The circumstances of Charlie's birth jolted me out of that acceptance. I don't mean I shook my fist at an uncaring universe; I mean that for the first time it occurred to me that maybe Charlie wasn't supposed to happen at all. And that scared me. Out of something really bad — infertility, pregnancy loss, a pregnancy riddled with complications, premature birth, and a few harrowing weeks of illness, his and mine — we'd somehow snatched something really good. Charlie.

So every day I have the uneasy feeling that we've gotten away with something.

It is impossible for me to look at him without thinking, We almost didn't have you. Maybe he wasn't meant to be. Maybe, in exchange for its staggering generosity in giving us Charlie, the universe will exact some terrible payment, so that my life will maintain its balance.

But then I think of theologian Paul Tillich's profound and simple definition of grace: accepting that you are accepted.

I want to live my life with that kind of grace, without second-guessing my own good fortune. I can't assume it as my due; that's not what Tillich meant. Instead, at my best, I can be humbled by it and grateful for it, surprised to the core but still trusting that it was meant, in some cosmic non-religious sense, for me. Sometimes.

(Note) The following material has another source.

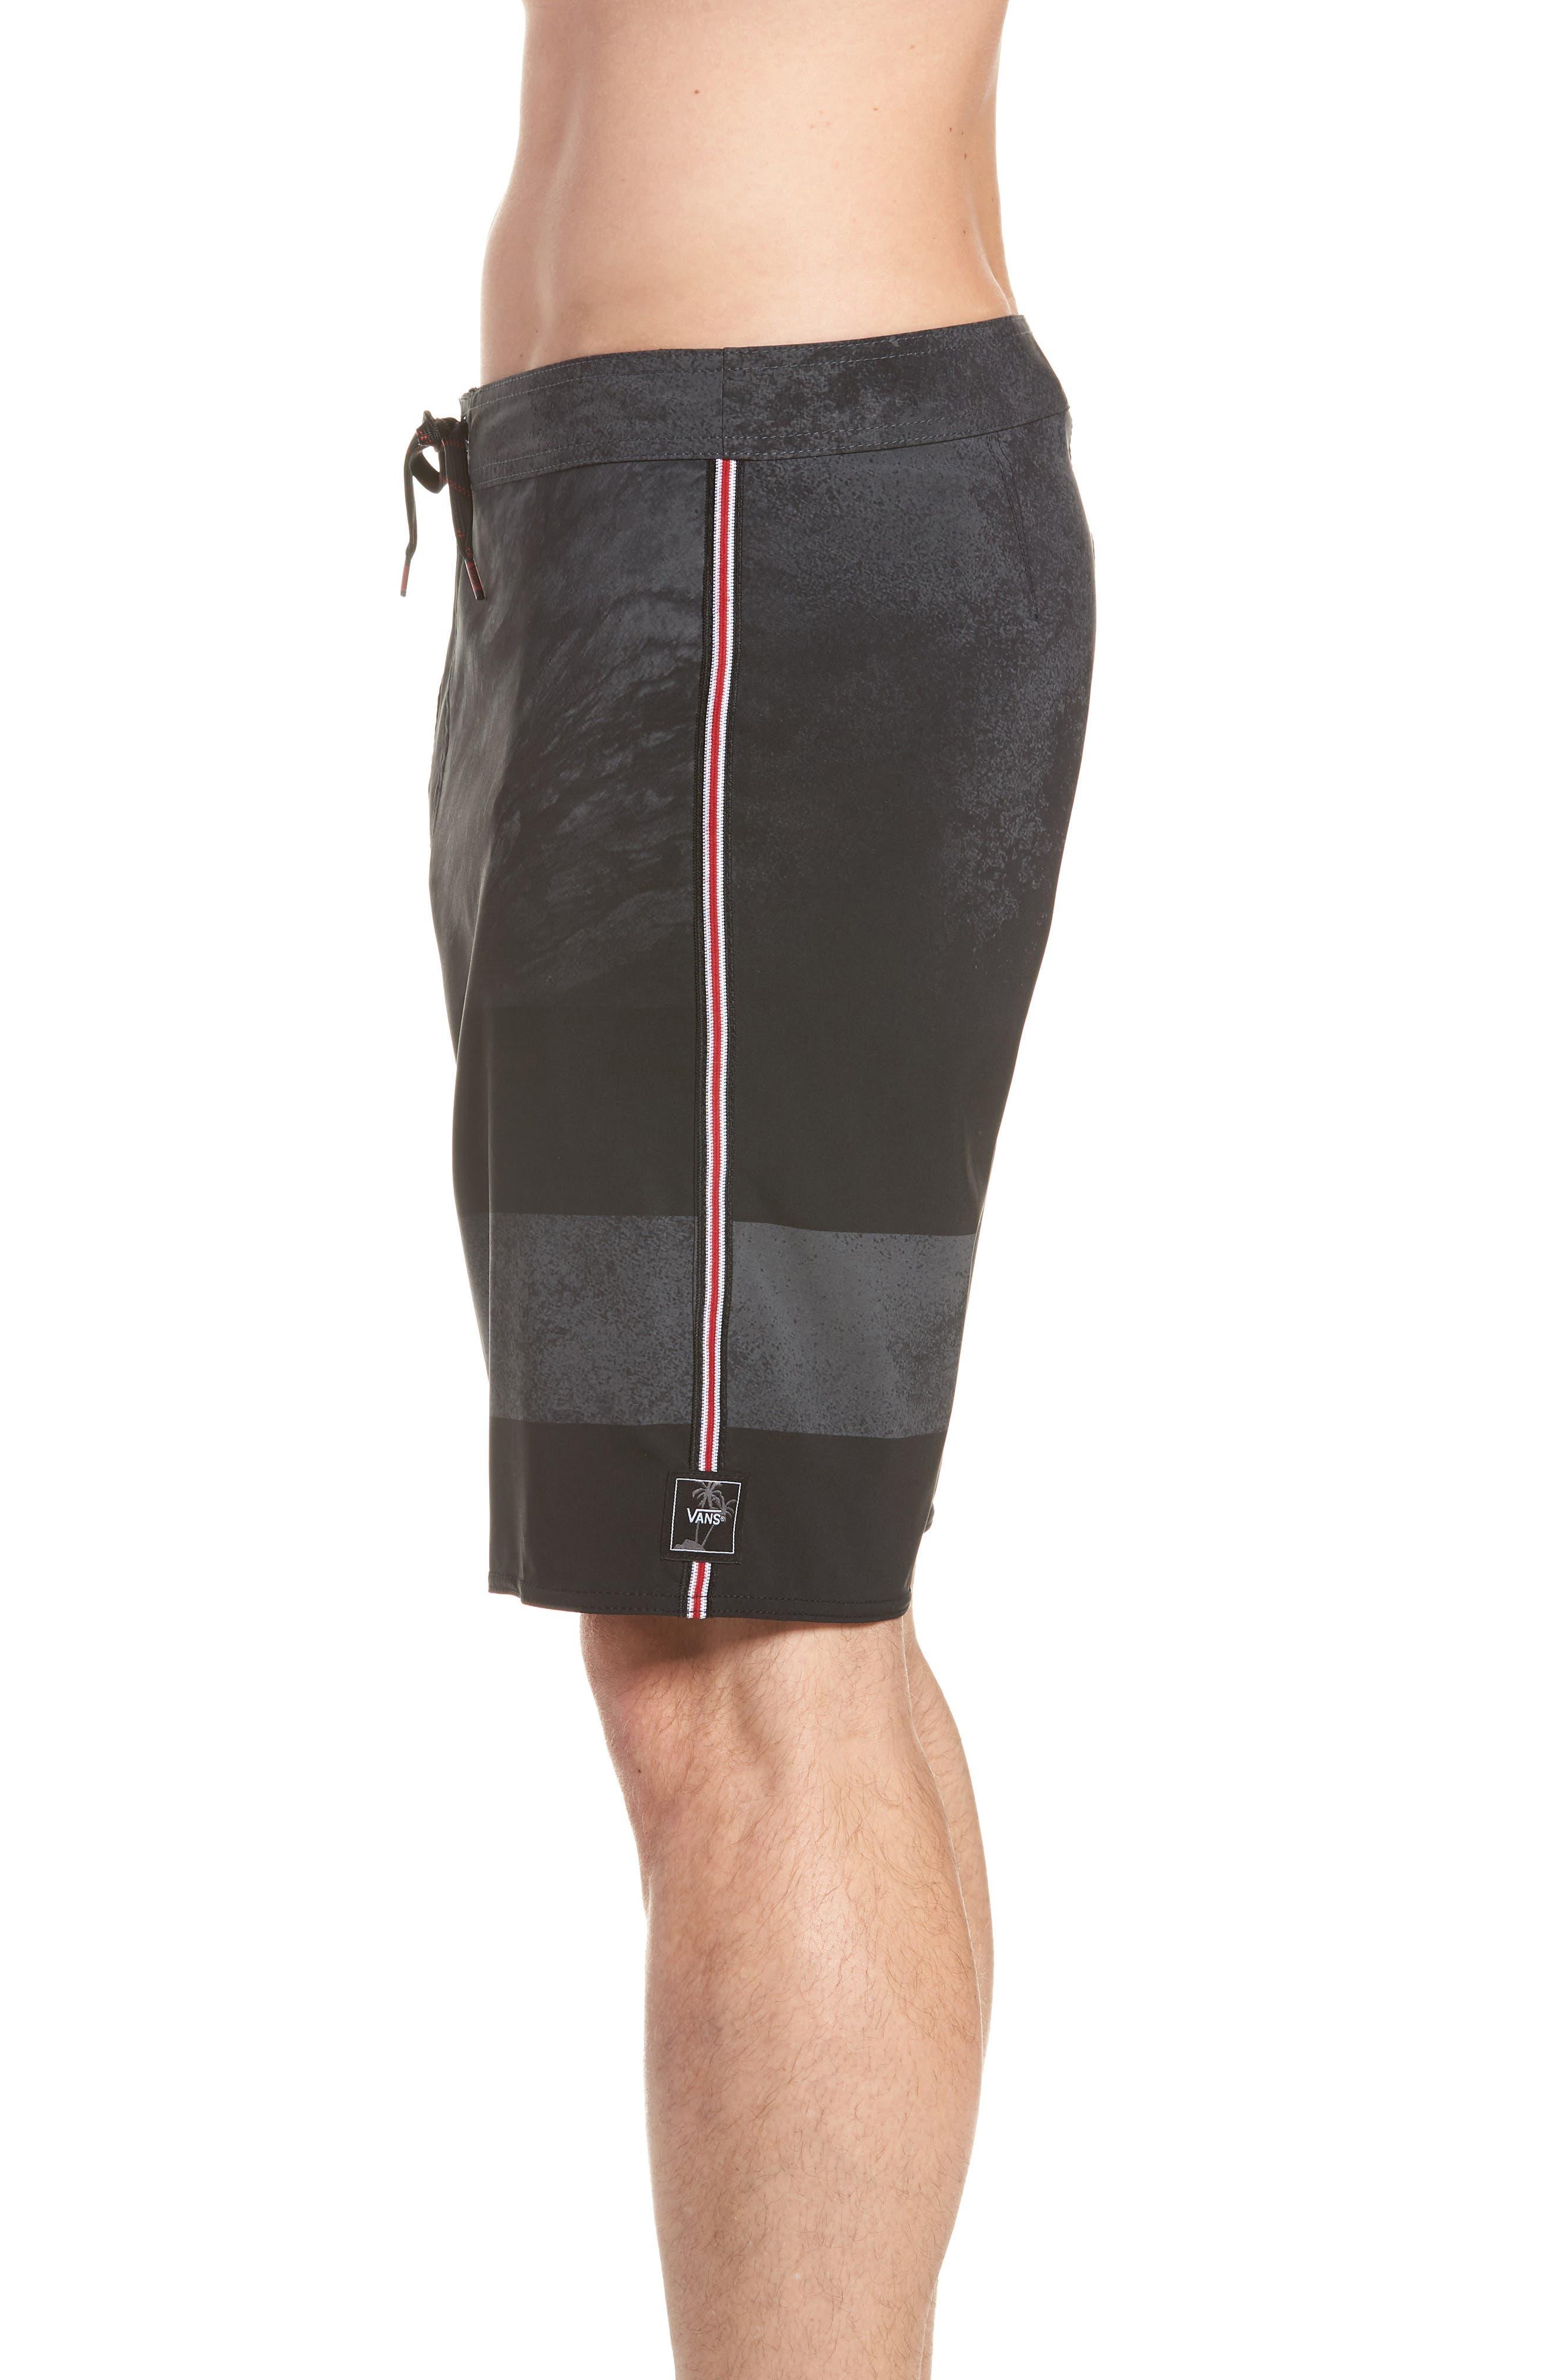 Era Board Shorts,                             Alternate thumbnail 4, color,                             BLACK/ NATHAN FLORENCE
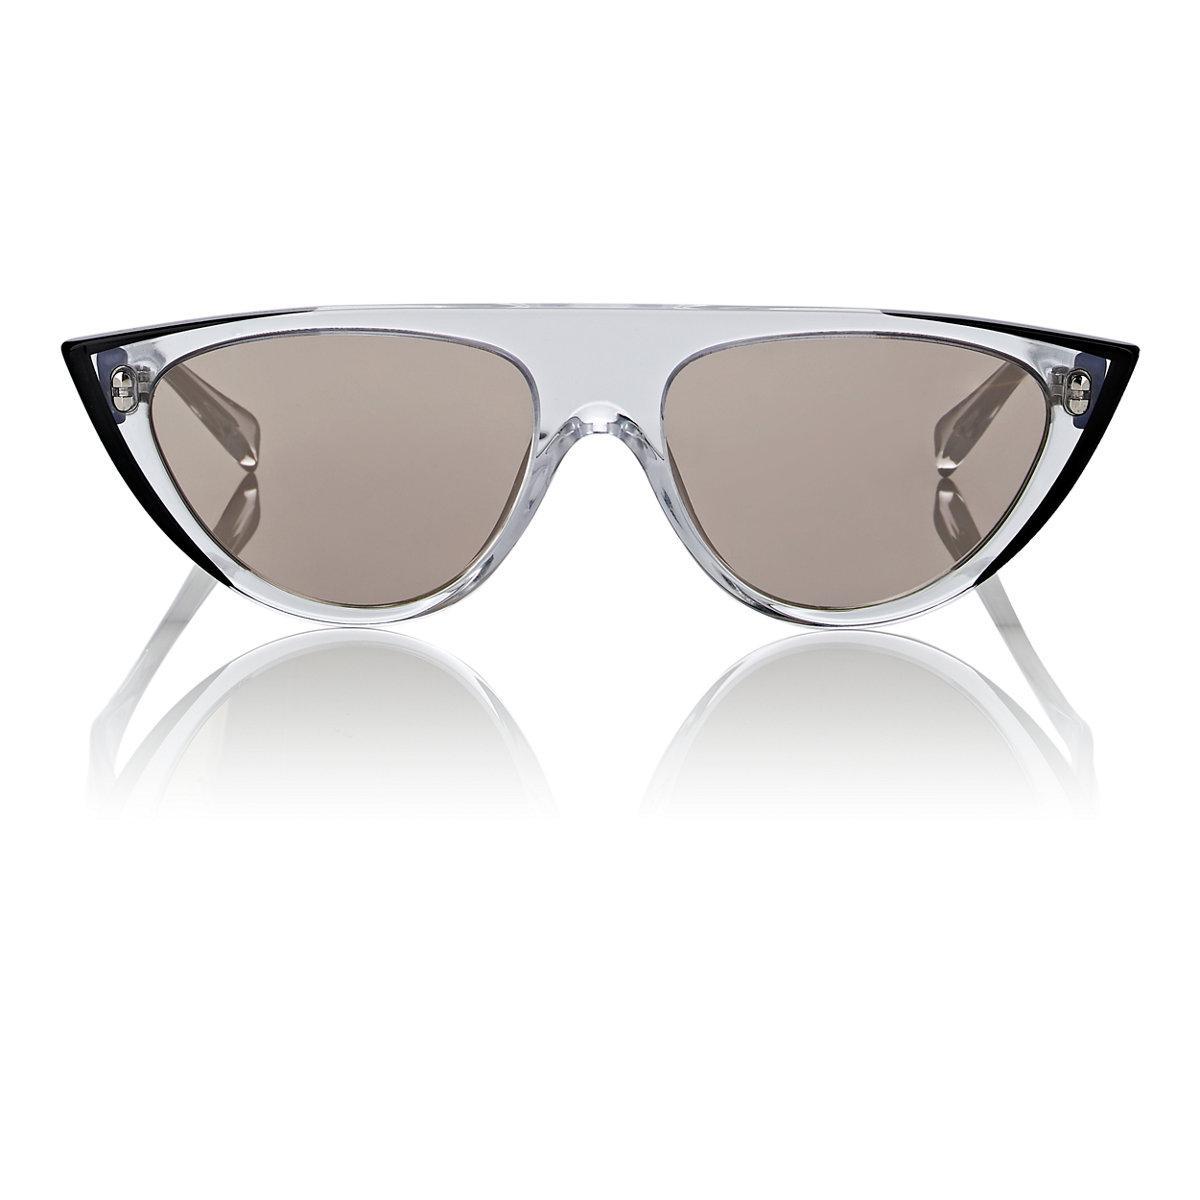 Womens Rayce Sunglasses Alain Mikli uHuSB

April's post made me realize that this idea applies to infertile women, too. I'm not talking about some highfalutin' pseudo-spiritual way of saying, "Relax, it will happen," or "If you have enough faith..." Nothing of the kind. It's more along the lines of, "Accept that you are worthy. You deserve to be a mother just like anyone else. Don't let others make you doubt it. Don't let the bastards get you down."

If you decide — you, on your own (and perhaps, I grudgingly concede, in consultation with your partner, whose wisdom on this point had better be positively Solomonic or I'll sic James Earl Jones on his weaselly ass) — that you don't want to pursue parenthood anymore, that's one thing. But if it's the voices of others, be it your absurdly fertile sister-in-law or the dog who goaded Son of Sam or Elmer Fudd himself, it's another.

Accept that you are accepted. Don't let those bastards get you down.